Sunday, September 14, 2008

The Worst Game of the Worst Year of the Worst Team in Baseball

Hey, look on the bright side. Basically no one was watching the game, right?

OK, so maybe I'm being a bit dramatic, but ugh, that was painful. Surely their worst loss of the year. Balester has a no-no through 5 and 2/3, the team is leading 6-1 going into the bottom of the 8th, and then Rivera, Manning, Shell, and Hanrahan conspire to allow seven runs in the bottom of the 8th and boot the game away.

Fangraphs.com charts every game by win expectancy (WE is a stat that basically looks at all the games ever played and calculates a team's likelihood of winning at that moment given the score and situation). Yo
u don't see very many graphs like this:


The Langerhans 3-run homer in the top of the 8th with no outs to put us up 6-1 pushed the Nationals' chance of winning to 98.2%. Casto followed with a double, raising our odds of victory to 98.7%. Then the bottom fell out.

Rivera, Manning, and Shell all teamed up to blow the lead, but Hanrahan, the putative bullpen ace, finished the job.
The box score will say Hanrahan allowed zero earned runs (exhibit a on why ER is a flawed stat, especially for relievers), but make no mistake, the game was lost while he was on the mound.

When Hanrahan entered the game with the score 6-5, one out, and runners on the corners, the Nationals' chance of winning was down to 50.4%. By the time Hanrahan finally ended the disastrous 8th, the Nationals' chance of victory was down to 7.8%. Some of that was the Casto error and the intentional walk, and Hanrahan was asked to do a very hard job--a five-out save with the tying run on third. But regardless, he didn't come close to doing his job, allowing two run-scoring base hits. The unlikely unassisted double play to end the inning when Willingham left early on a pop up to Langerhans saved the Nationals from an even worse fate.

Which brings us to the question that must be asked at this point. Is Hanrahan really the guy you want closing games for you? Forget about the rest of this season--it doesn't matter. But looking ahead to next year, is Wild Joel still your closer?

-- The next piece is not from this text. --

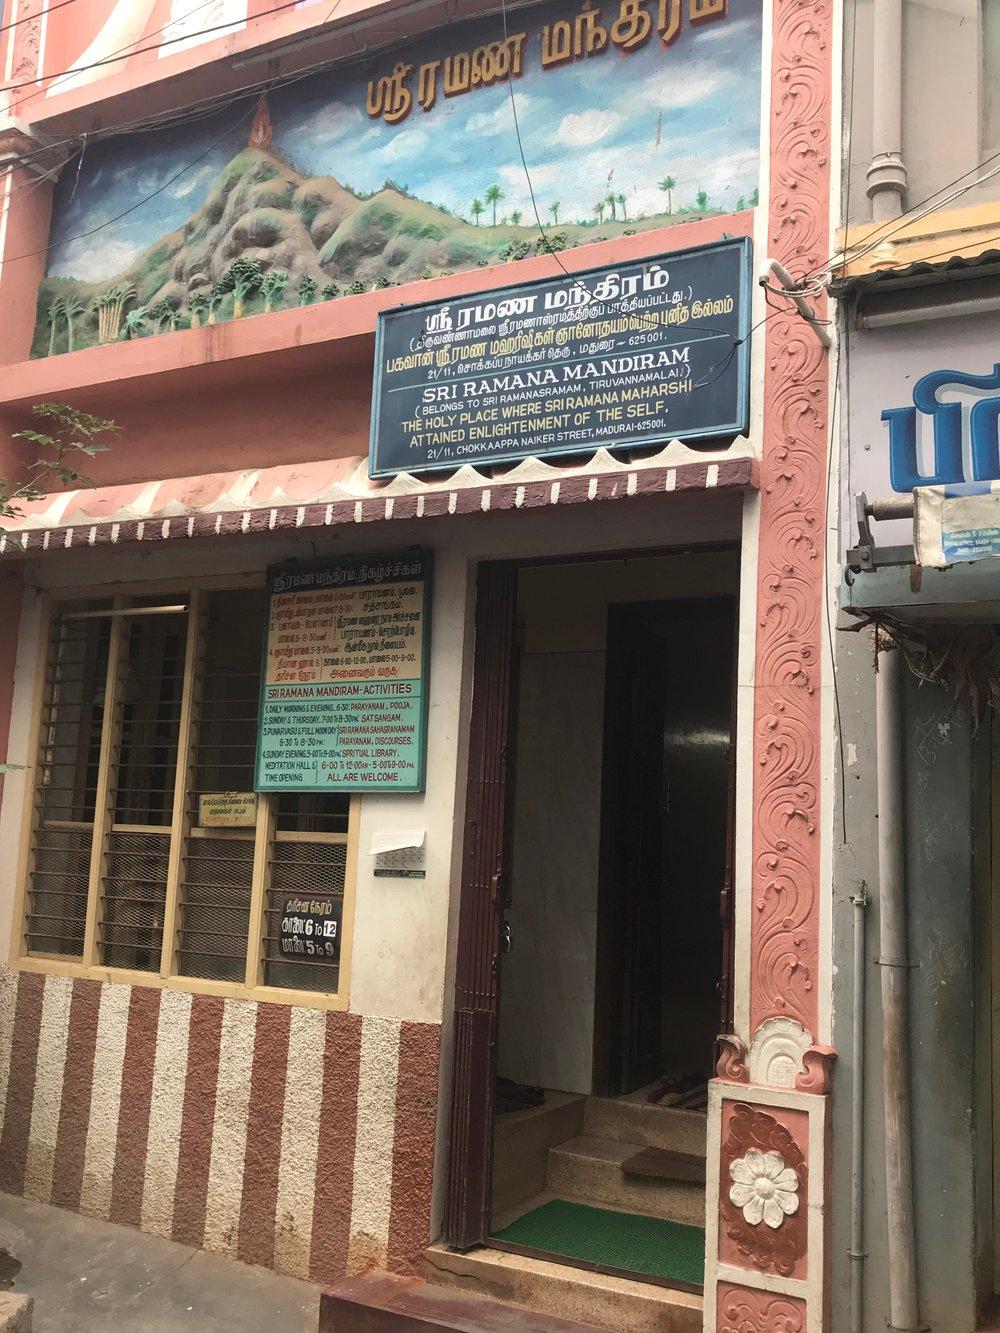 Sri Ramana Mandiram's Enlightenment place where I meditated for a bit

Today was just one of several recent meltdowns. He's now allowed runs in 4 of his last 5 appearances, posting an ERA of 11.57 over that time. More troubling is that his walk rate is exploding again. He's now unintentionally walked 5 of his last 28 batters faced (plus 2 more IBBs), a 17.8% walk rate that is just not acceptable for an 'ace reliever.'

It's mighty discouraging, because from the time of the Rauch trade and his first appearance as the closer on July 20 until this most recent stretch, his command had been outstanding. Over that period he'd walked just 6.5% of batters faced, a number that you'd associate with a command starter more than a power closer. It seemed perhaps he'd turned a corner.

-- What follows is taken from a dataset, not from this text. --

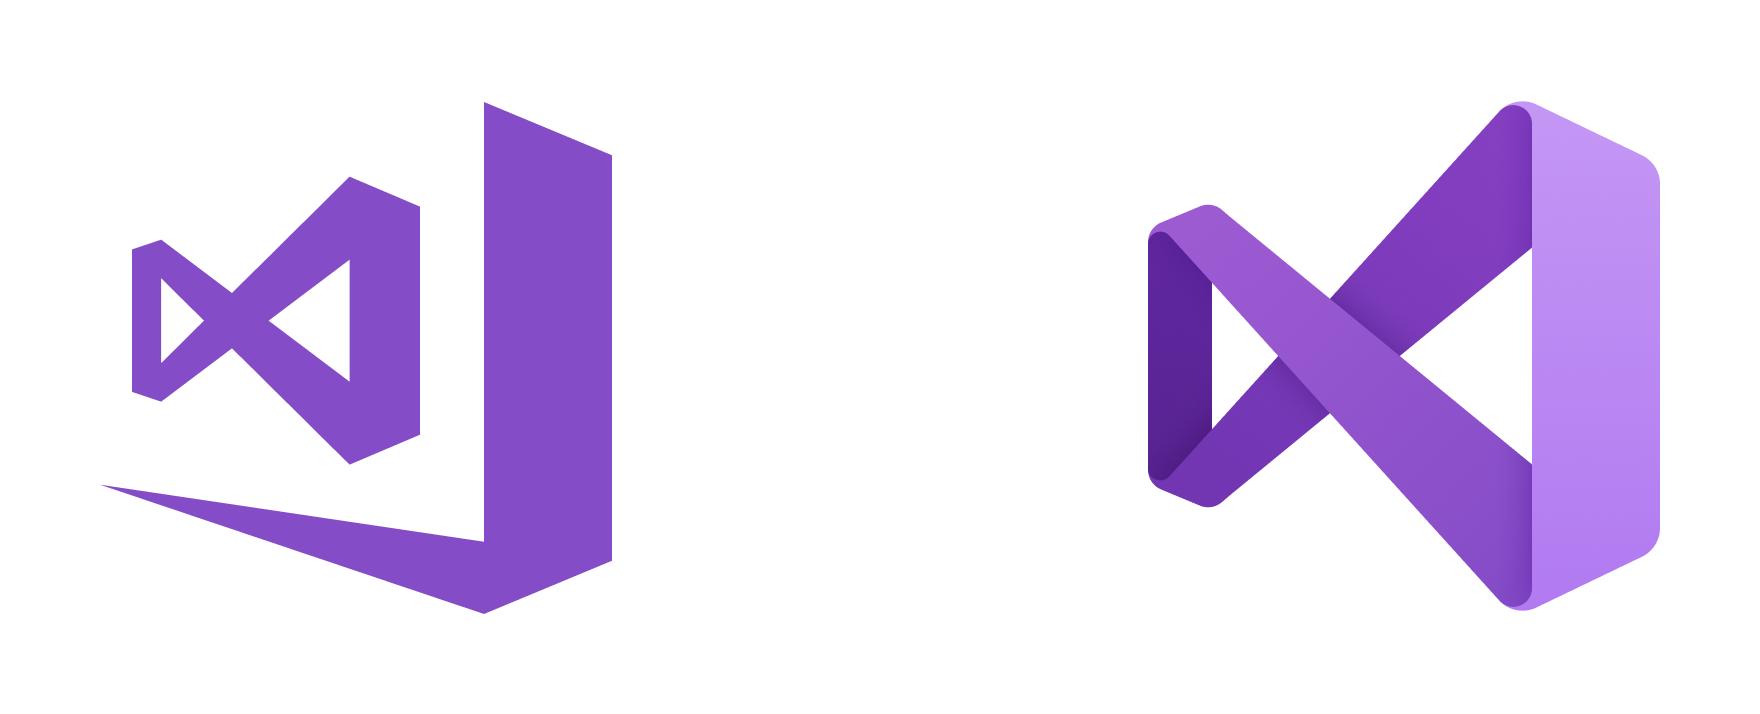 What's new in Visual Studio 2019 design

Now that's looking like sample size. Over the season as a whole, his unintentional walk rate now stands just a hair below 12%, better than the 15.3% he had last year, but still far too high to close.

So I think you need to start thinking about adding "closer" to the list of needs this off-season. And if I was the kind of blogger inclined to beat a dead horse, I might point out that Billy Bray and Scott Downs are two guys we gave away for bad and nothing who would be pretty attractive options right now.
  • In case it makes you feel any better (and it shouldn't), Ayala blew a game for the Mets last night, facing three batters and going: single, single, HR. Rauch also allowed another earned run in one inning last night, raising his ERA in AZ to 6.33. (We still should have gotten more for both of them.)
  • On a completely unrelated topic, congrats to Ted Thompson and Aaron Rodgers. Nothing like a GM making an unpopular decisi0n for the good of the team and being right.